Juan Camillo Castillo and Dorothy Kronick
Saturday, 9:00am

Title: Prohibition vs. Peace

Abstract: Drug traffickers sometimes divide profits via peaceful agreement. Other times they fight. We model criminal war as the result of a dynamic commitment problem among traffickers in which a third party—the state—can change the magnitude of the contested profits. We show that enforcing prohibition generally increases profits, and that higher profits drive violence. Killing capos makes traffickers short-sighted, further hindering peaceful pacts. This describes the logic of violence in criminal war, which is less studied than interstate or civil war but often as deadly. We use data from alcohol prohibition in the United States and cocaine trafficking in Mexico to illustrate how the model predicts violence among traffickers.

 

Brendan Cooley, Colin Krainin, and Kristopher Ramsay
Saturday, 10:00am

Title: Prohibition, Theft, and Violence: Monopolistic Pricing and Exchange in Illicit Markets

Abstract: Why are black markets more prone to violence than their licit counterparts?
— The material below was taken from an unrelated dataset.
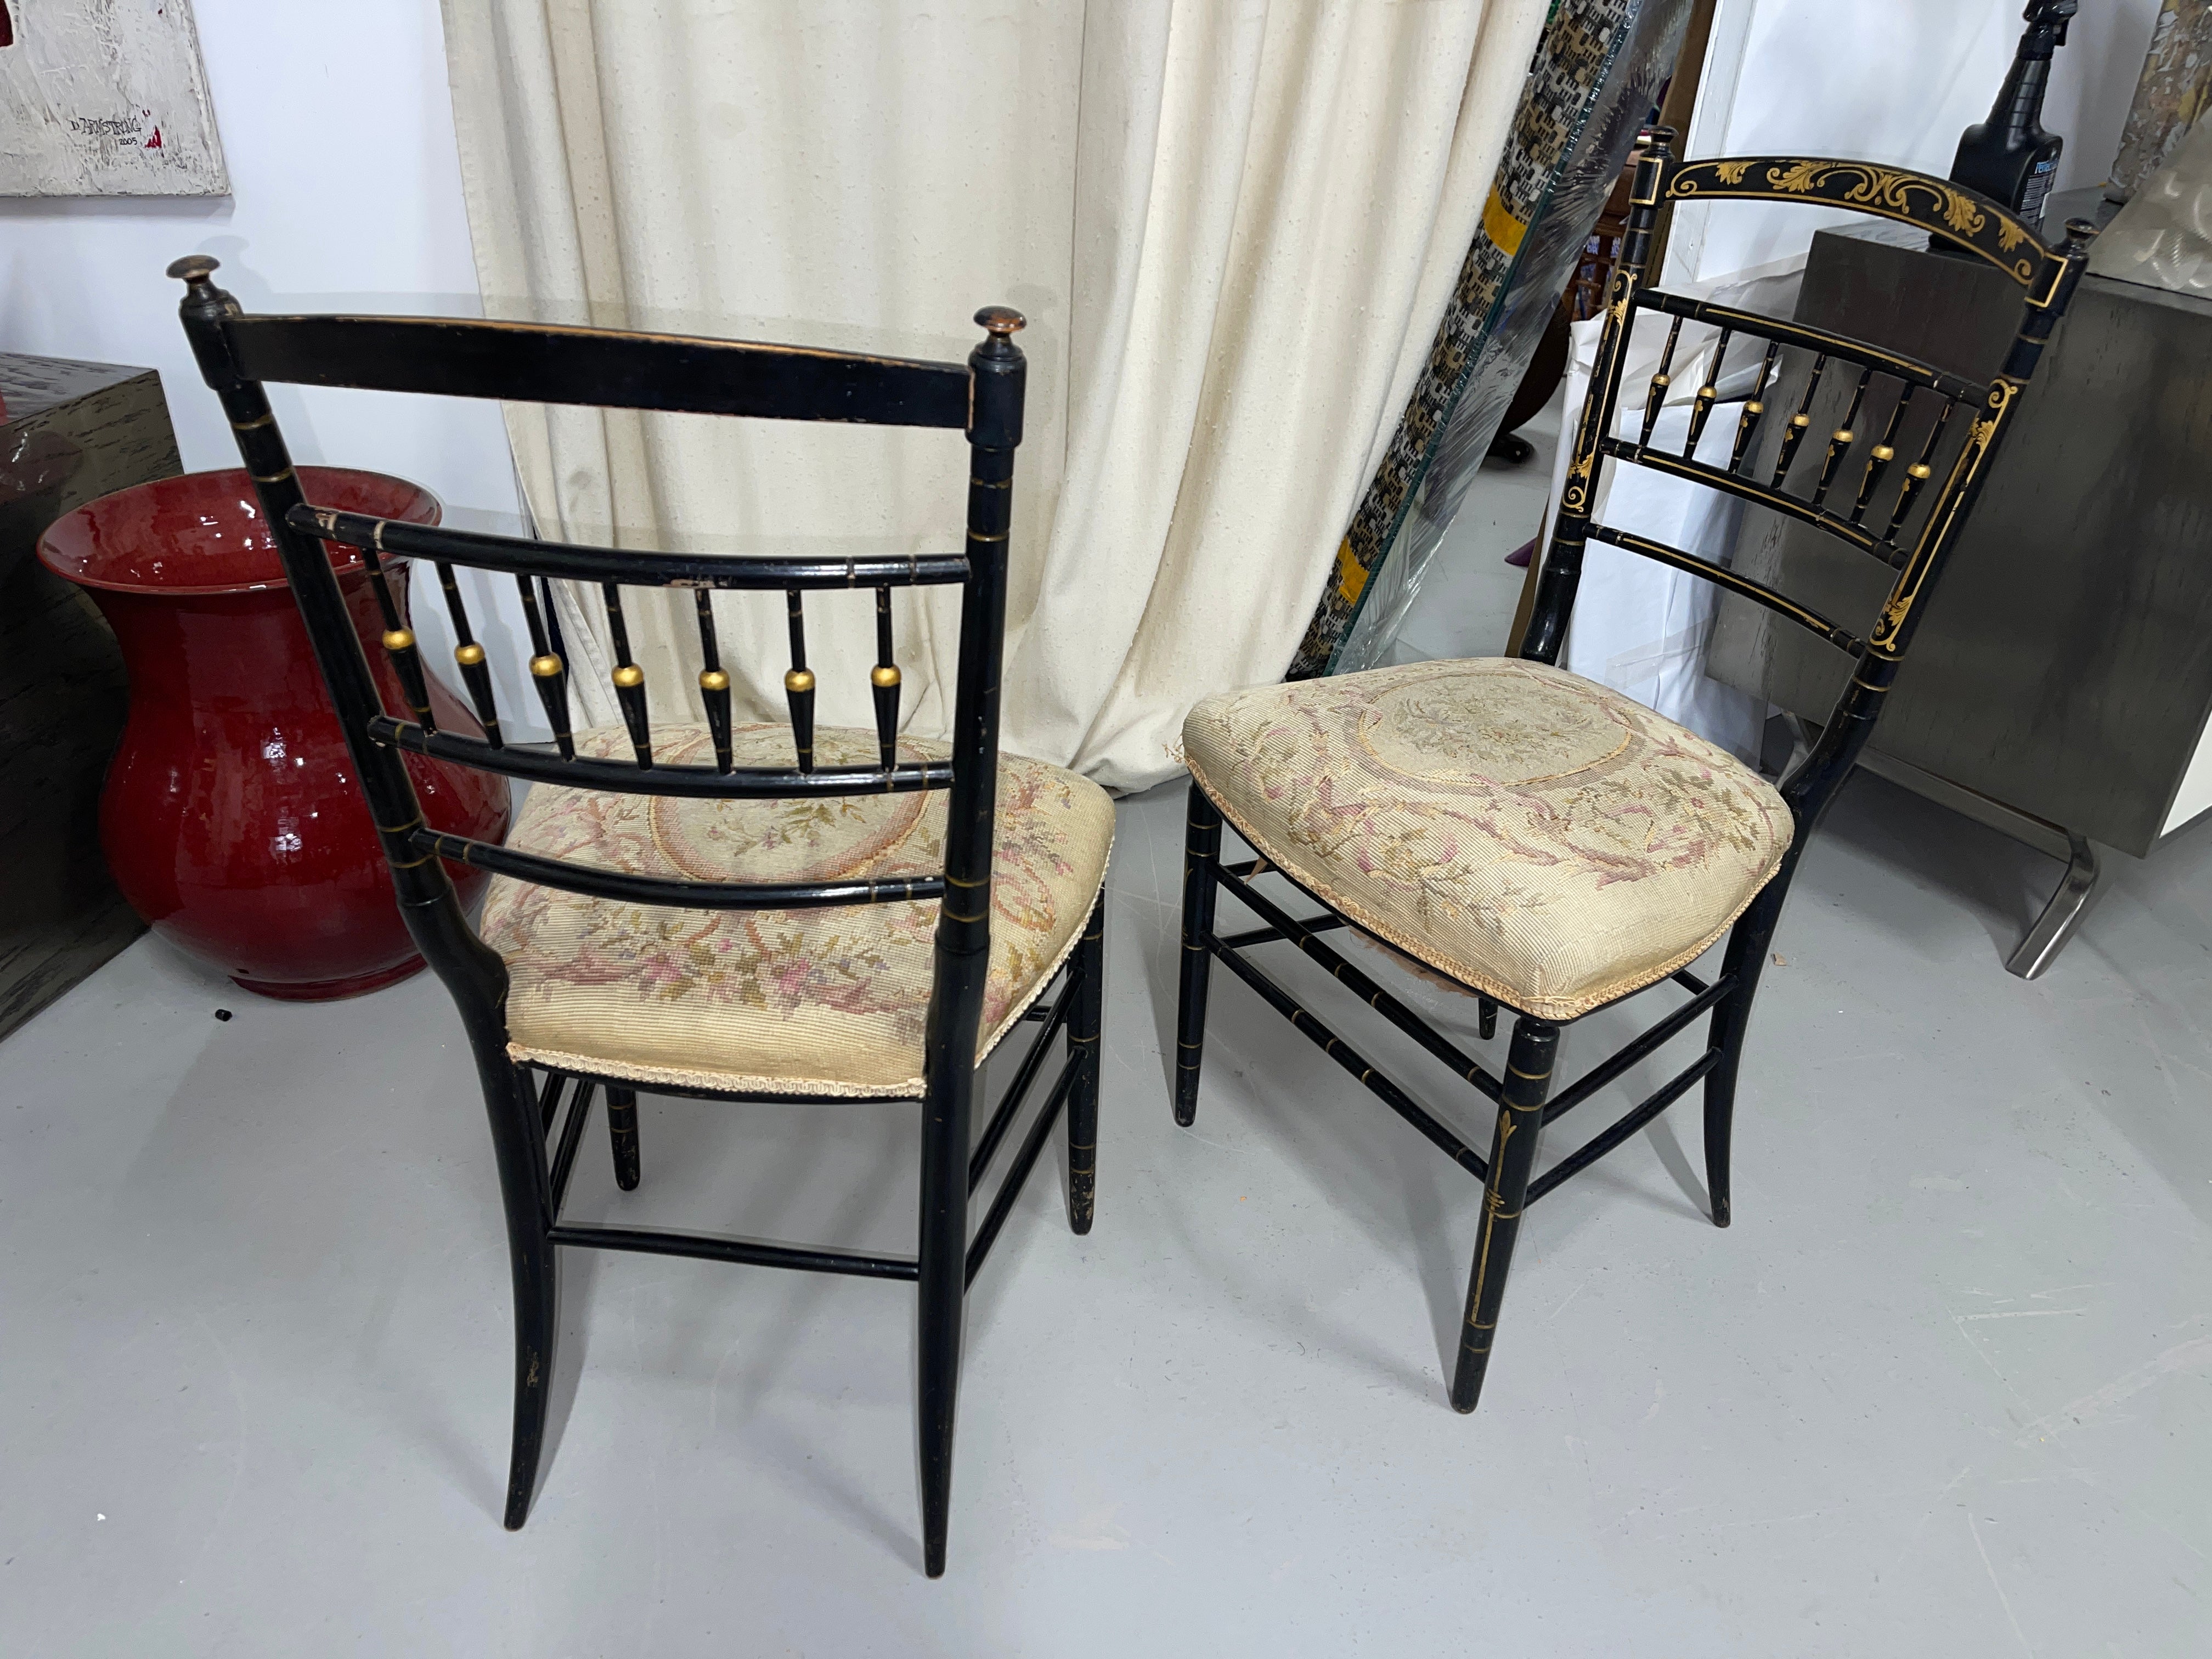 Beautiful pair of Napoleon III chairs with nice needlepoint seats. Chairs have some paint loss and one chair has a small bit of fraying to the border left front. The duvet bottom covers is also slightly torn. Nice overall condition for chairs of

Sellers in black markets face two problems largely absent from licit markets. First, they have no legal recourse if their product is forcibly stolen from them. Second, attempts at exchange may be punished by the authorities. In a simple model of monopolistic pricing, we show these forces interact to produce increased violence as prohibition enforcement increases. More broadly, we build a typology of exchange under anarchy, generalizing the standard model of monopoly under incomplete information (Maskin and Riley 1984) to settings featuring prohibition and theft.

 

Benjamin G. Ogden
Saturday, 11:15am

Title: The Imperfect Beliefs Voting Model

Abstract: In real-life elections, voters do not have full information over the policy platforms proposed by political parties. Instead, they form (imprecise) beliefs. I propose a new model of partisan competition to represent the interaction of these beliefs with platform selection. Both parties gain more from appealing to the voters with more precise beliefs over their platform. Minority candidates viewed with less precision overall gain relatively more from outliers. Therefore, the Median Voter Theorem is recovered if and only if voters’ policy preferences are uncorrelated with the precision of their beliefs about each candidate, and preferences are distributed symmetrically. Otherwise, even election-motivated parties diverge away from each other. As the population becomes polarized in how they form beliefs about politics, they will become polarized on political grounds as well, providing a new explanation for recent political polarization in the United States which, under reasonable assumptions, is more in line with the stylized facts than models with perfect beliefs.

 

Torun Dewan and Stephane Wolton
Saturday, 1:00pm

Title: A Political Economy of Social Discrimination

Abstract: From burqa ban to minaret ban, from right to detain suspected illegal immigrants to restricting the help to migrants, the number of social laws specifically targeting minorities have raised in recent years across Western democracies. We show that these episodes of social discrimination are far from being innocuous, they can have dramatic consequences on the employment prospect and welfare of minorities. We study a political economy model where politicians compete by choosing a proportional tax rate, that is uniformly distributed, and policies that raise the salience of social identity before citizens interact on the labour market. Raising the salience of identity can lead to work discrimination affecting both the employment prospects and the duration of unemployment spells of workers with a minority identity. We further provide necessary and sufficient conditions for an equilibrium in which a plurality of the citizenry demands social discrimination and politicians respond via the introduction of socially discriminatory policy. We highlight that social discrimination can have serious redistributive consequences leading to less transfers and (possibly) lower level of taxation. The minority thus suffers on several counts from social discrimination. She is less likely to be employed and receives less assistance when she needs it the most. We discuss several policy recommendations with respect to the deleterious effect of social discrimination.